Darah dan Doa is often considered the first "national" Indonesian film, although the first movie produced in the area, L. Heuveldorp's Loetoeng Kasaroeng, had been released 24 years prior. According to the Indonesian film historian Misbach Yusa Biran, the films released between 1926 and 1949 could not be called Indonesian films, for they lacked a sense of national identity. The film critic Nova Chairil stated likewise, considering the film the first to be "directed by a native Indonesian, produced by an Indonesian production house, and filmed in Indonesia". (Note: Original: "... disutradarai oleh orang Indonesia asli, diproduksi oleh perusahaan film Indonesia, dan diambil gambarnya di Indonesia.") Barker and fellow film scholar Charlotte Setijadi-Dunn, however, argue that films by ethnic Chinese producers – generally dismissed as profit oriented in mainstream studies – already contained an Indonesian identity, citing examples such as Njoo Cheong Seng's Kris Mataram (Keris of Mataram; 1940). They note that, unlike the homogeneous national identity offered in Darah dan Doa, these Chinese-produced films offered the possibility of a heterogeneous identity.

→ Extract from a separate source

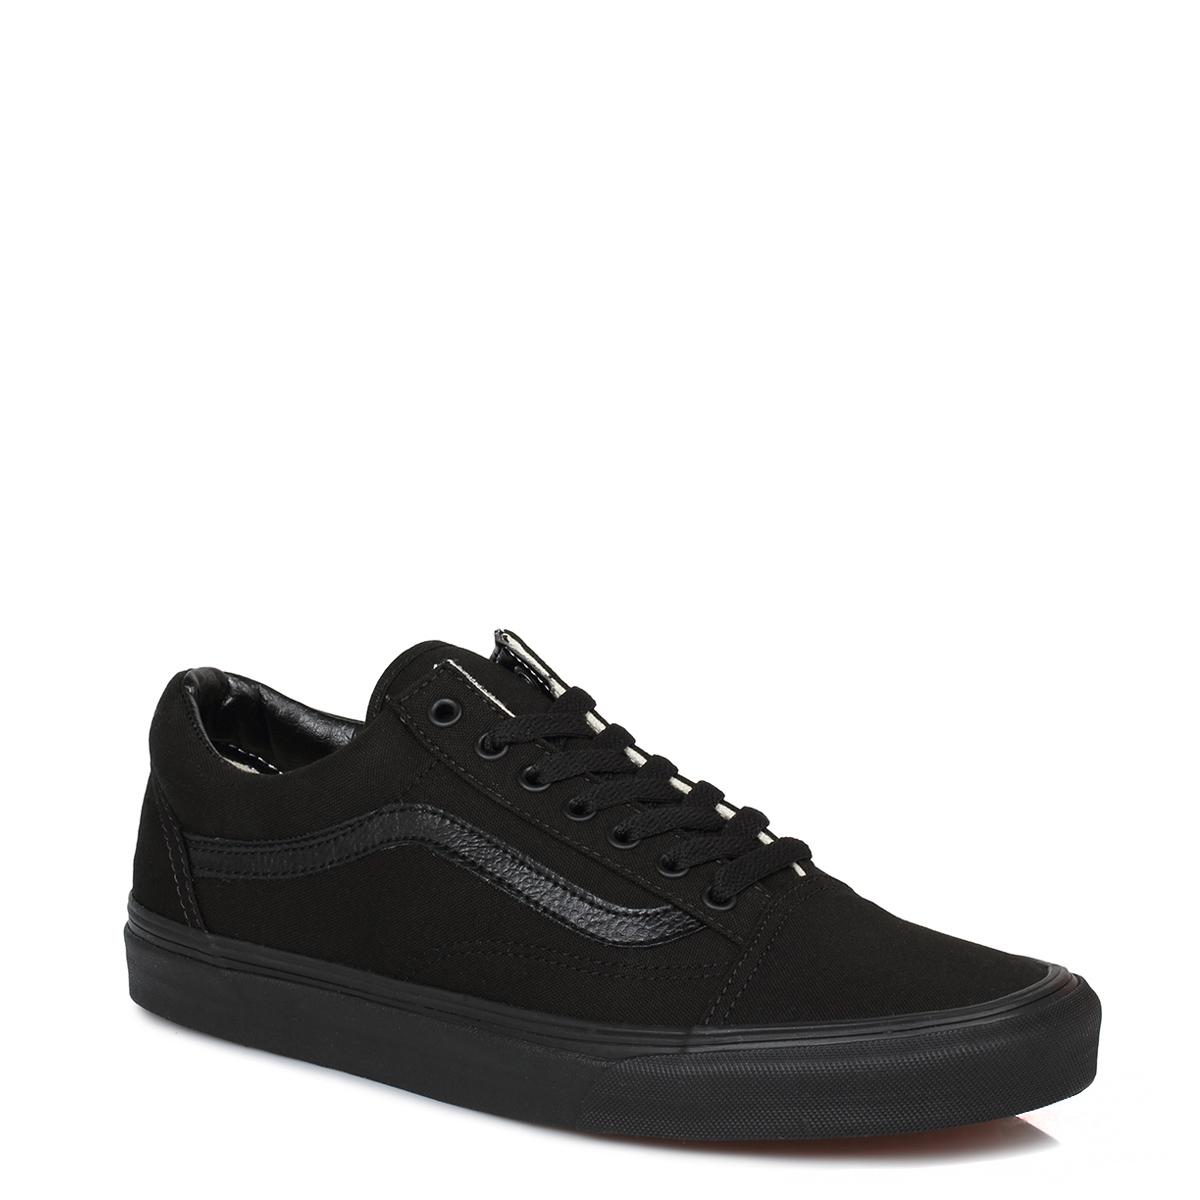 vans mens womens trainers canvas lace up school black

The Indonesian film community began celebrating the first day of Darah dan Doas shooting, 30 March, as National Film Day in 1950. In a 1962 conference of the National Film Board of Indonesia, the date was given more formal recognition as National Film Day, and Darah dan Doa was recognised as the first "national film". National Film Day was formally established in 1999, when President B. J. Habibie passed Presidential Decree no. 25/1999. According to actor turned film director Slamet Rahardjo, the commemoration is so that "Indonesians acknowledge their local film industry and are willing to develop it".

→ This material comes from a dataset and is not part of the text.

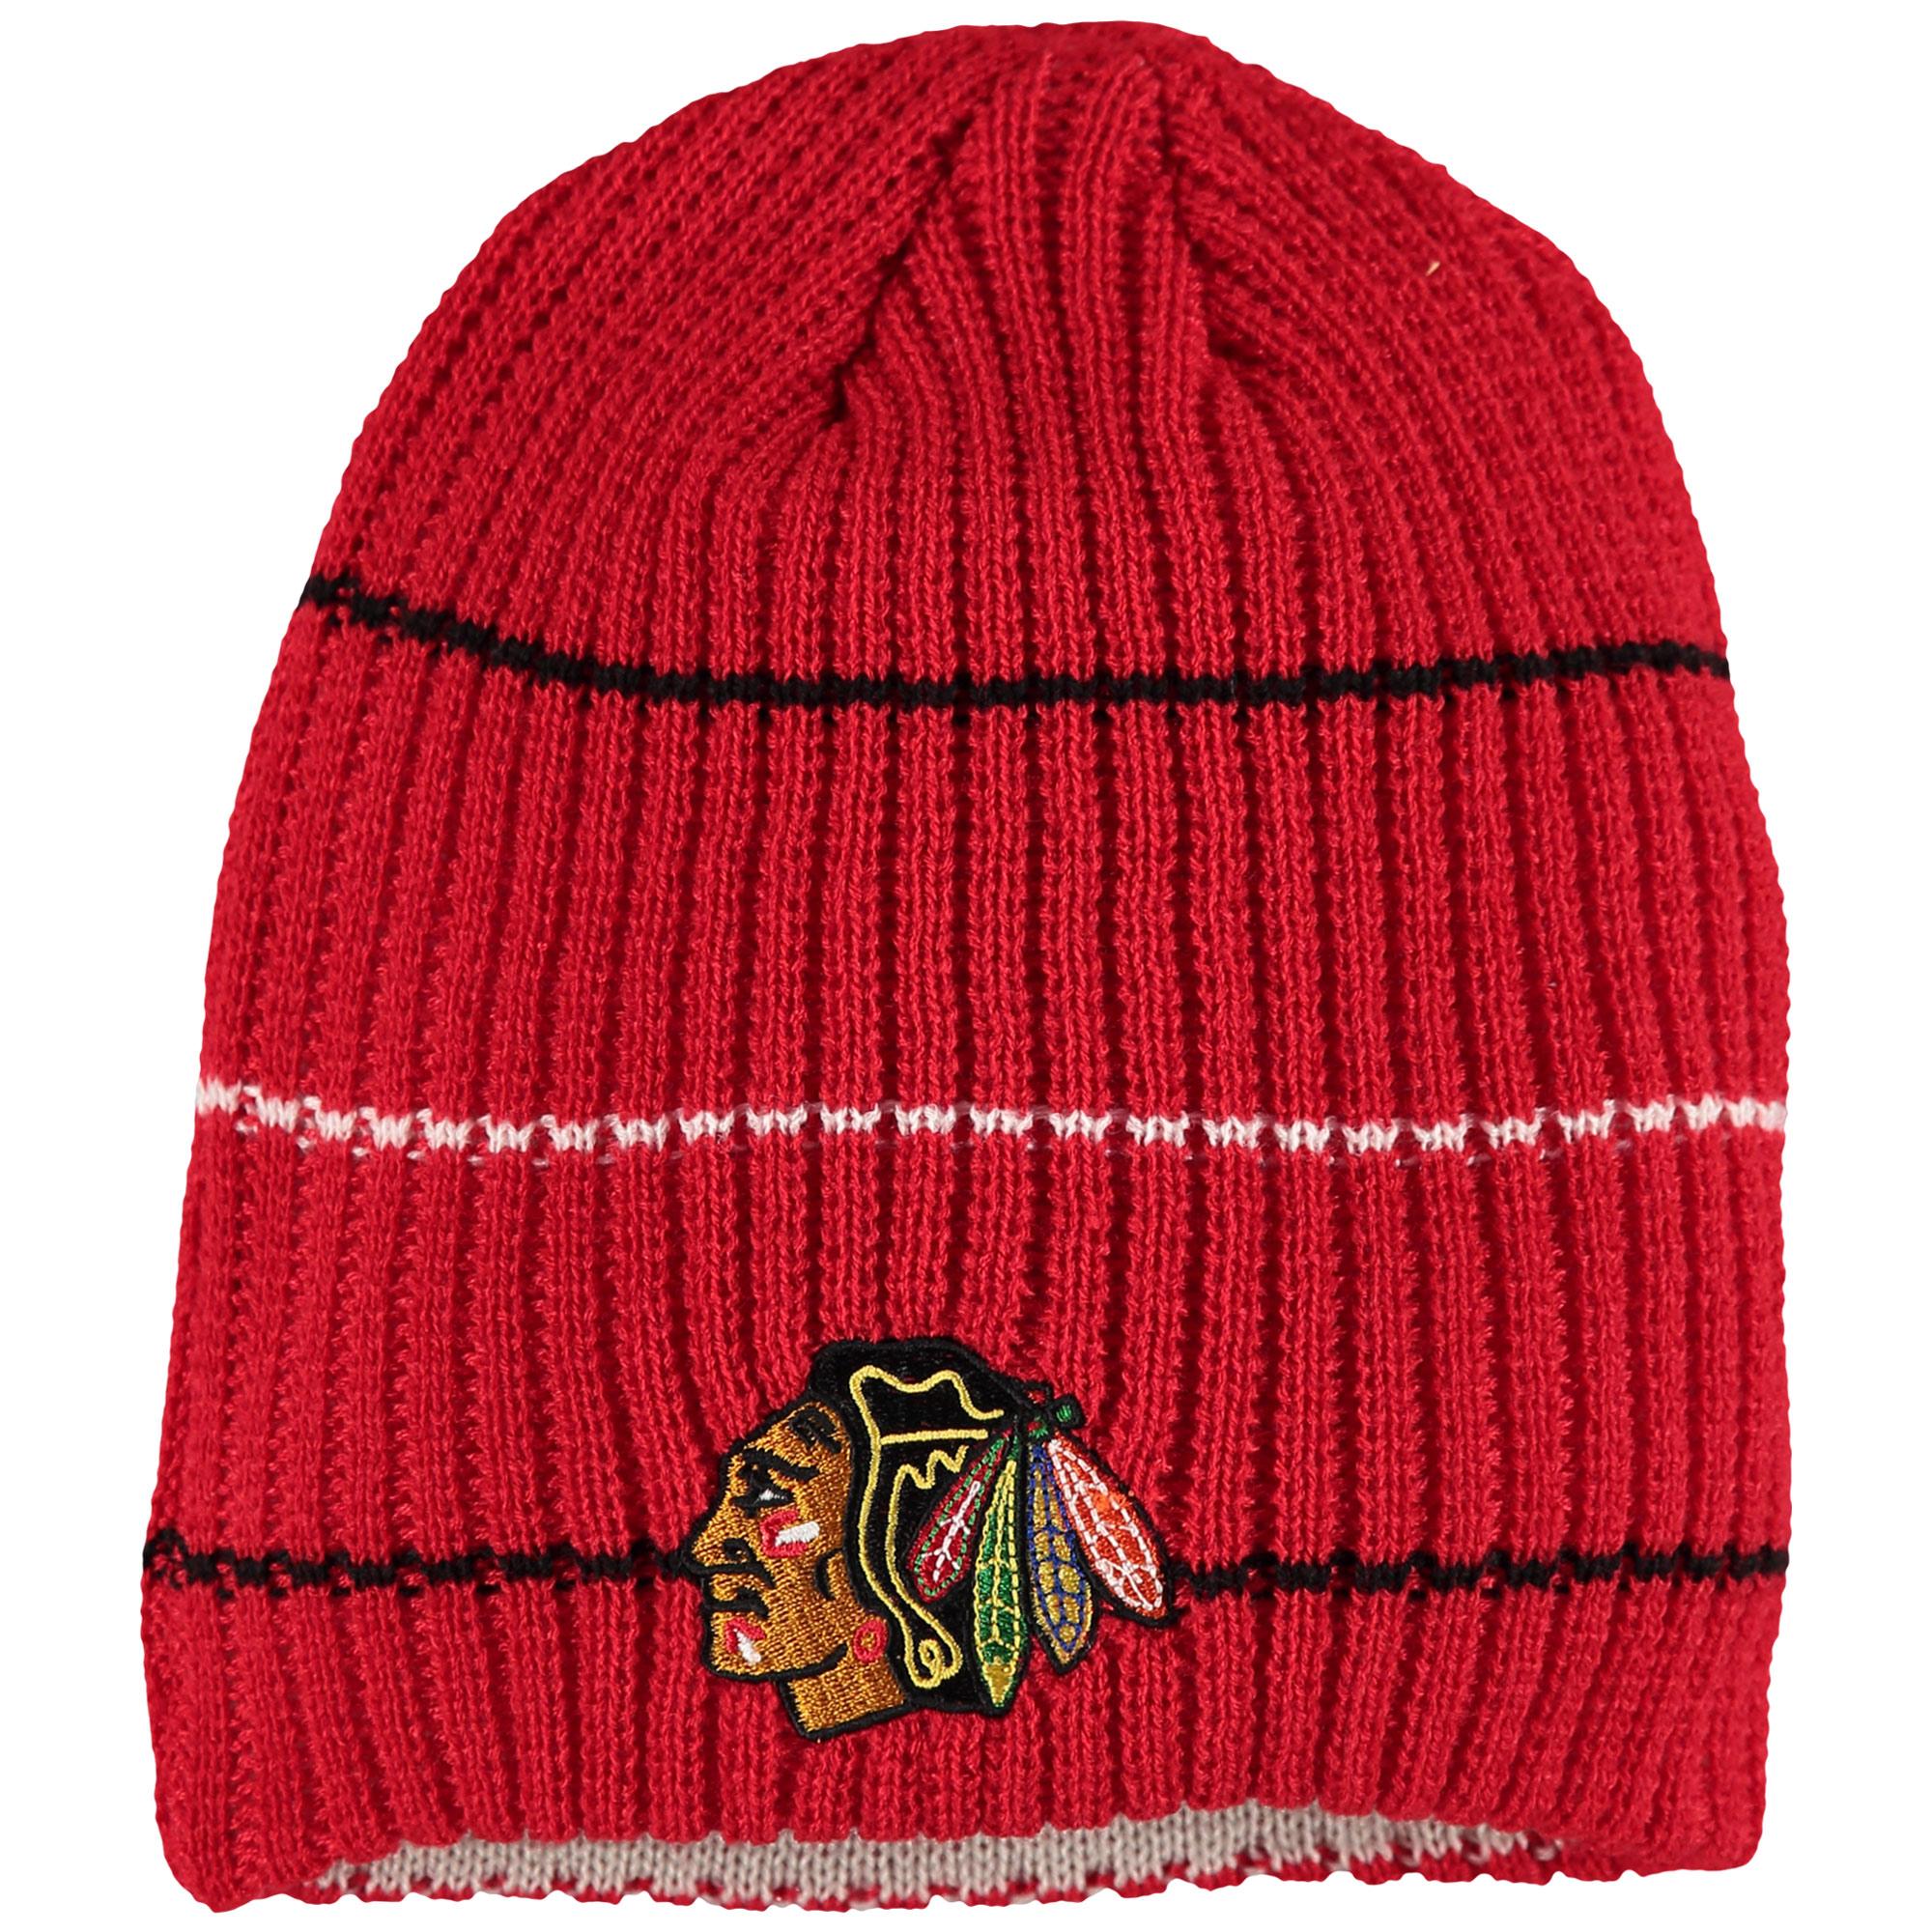 Chicago Blackhawks Reebok Face-Off Textured Stripe Beanie - Red - OSFA

The Siliwangi Division's long march was the subject of another film, Mereka Kembali (They Return) in 1972. Directed by Nawi Ismail, it starred Sandy Suwardi Hassan, Rahayu Effendi, Rina Hasyim, and Aedy Moward. Mereka Kembali won a single award, Runner-Up for Best Actor (Arman Effendy), at the 1972 Indonesian Film Festival. Heider, contrasting the two films, suggests that Darah dan Doa portrayed communists in a more sympathetic light and "ignored" Darul Islam, while Mereka Kembali did not depict the events in Madiun and demonised Darul Islam. He suggests that the earlier film was released in "a time for healing, a time to consolidate the new republic, to reincorporate even those who ... had fought against it." He further suggests that Darah dan Doa was more Europeanised and individualistic, with a focus of Sudarto, while Mereka Kembali emphasised the importance of the group and represented an "Indonesianization of the national cinema".

The Indonesian video archive Sinematek Indonesia holds both 35 mm and VHS copies of Darah dan Doa. It is also held at the Cinémathèque Française. The film continues to be screened at festivals.